I'm sorry if my answer is obvious or not helpful, but if I have correctly understood your problem you basically need to enable HighAvailability on production VMs, this means that in case of server failure these VMs will be automatically restarted on another VM server.
For Virtual Machines that are NOT in production you could just disable HA so in case of server failure they will not be started automatically.
I'd like to push it a bit further (and that's actually my question). I'm fine with the production VM to be restarted by the HA feature. What I would like to get is "some of the development VM to be STOPPED automatically in the event we loose a server. This is to make sure those production VM that should fail over can be actually be restarted, even if the development server is over provisioned".
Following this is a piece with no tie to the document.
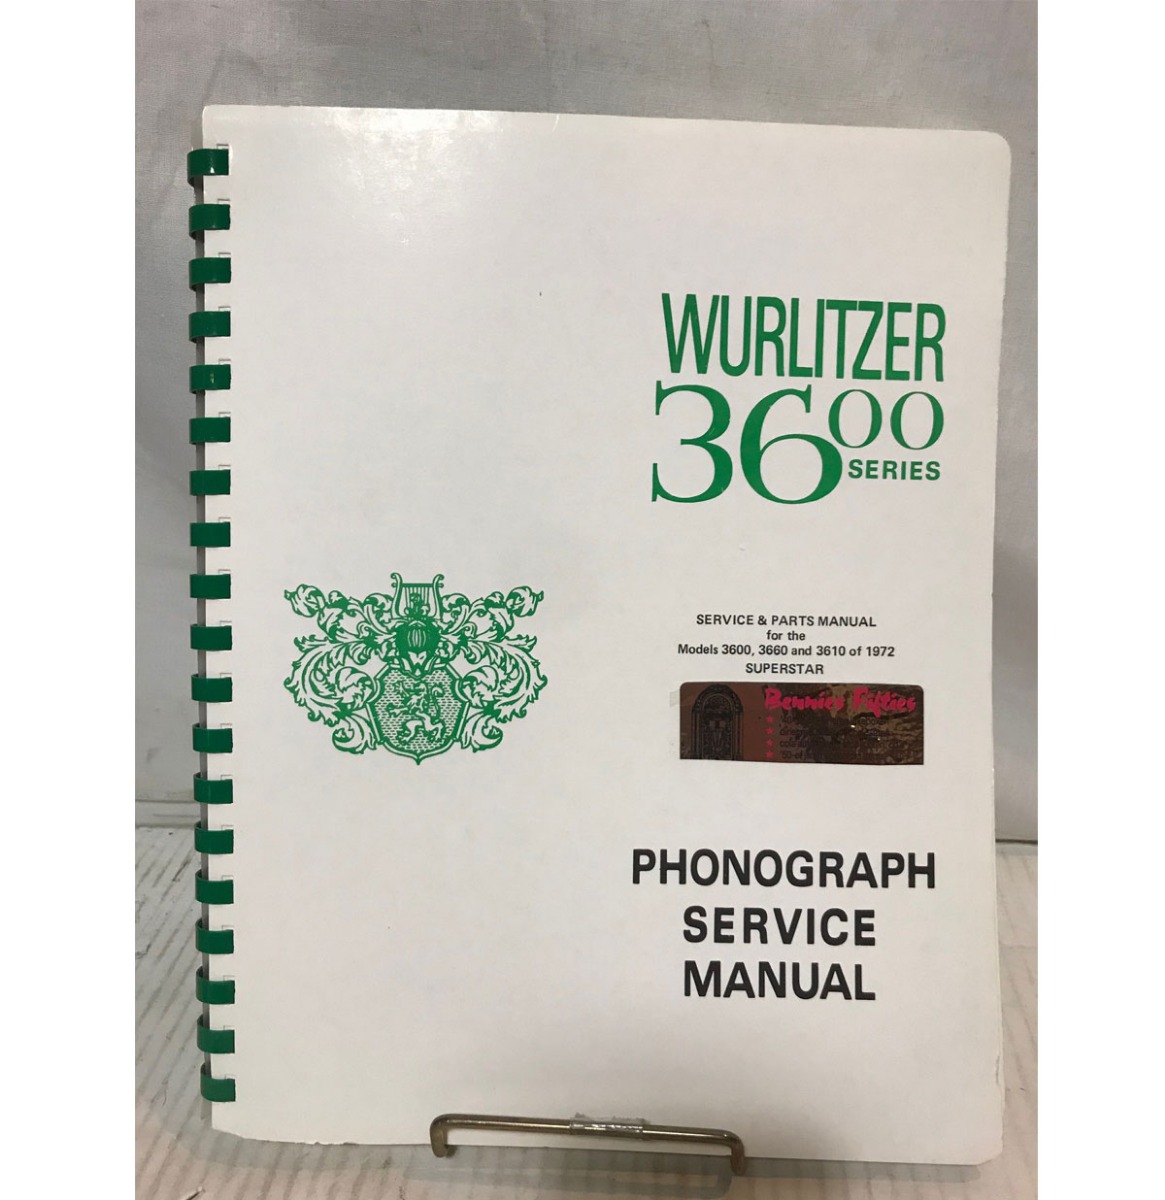 Service And Parts Manual For Wurlitzer 3600, 3660 or 1972 Superstar Jukebox Models

This would allow us (1) to provision one server for dev AND (2) rely on the HA feature, not only to failover the VM but also to reclaim memory/cpu of the dev server, in this case. If it doesn't exist, could we hook a script in the HA process somehow ? Or maybe, the anti-affinity groups could somehow be useful. Any idea ?
Your scenario is very specific to your use case, so finding a supported out-of-box solution isn't going to happen. This is why the brains at oracle created ovm_utils, so it allows you to make your own processes.
Most shops would size their environment accordingly, so there's enough capacity to absorb a HA event, and completely avoid the "HA shuffle" procedure. Obviously that's the right way to do it, but can be more costly.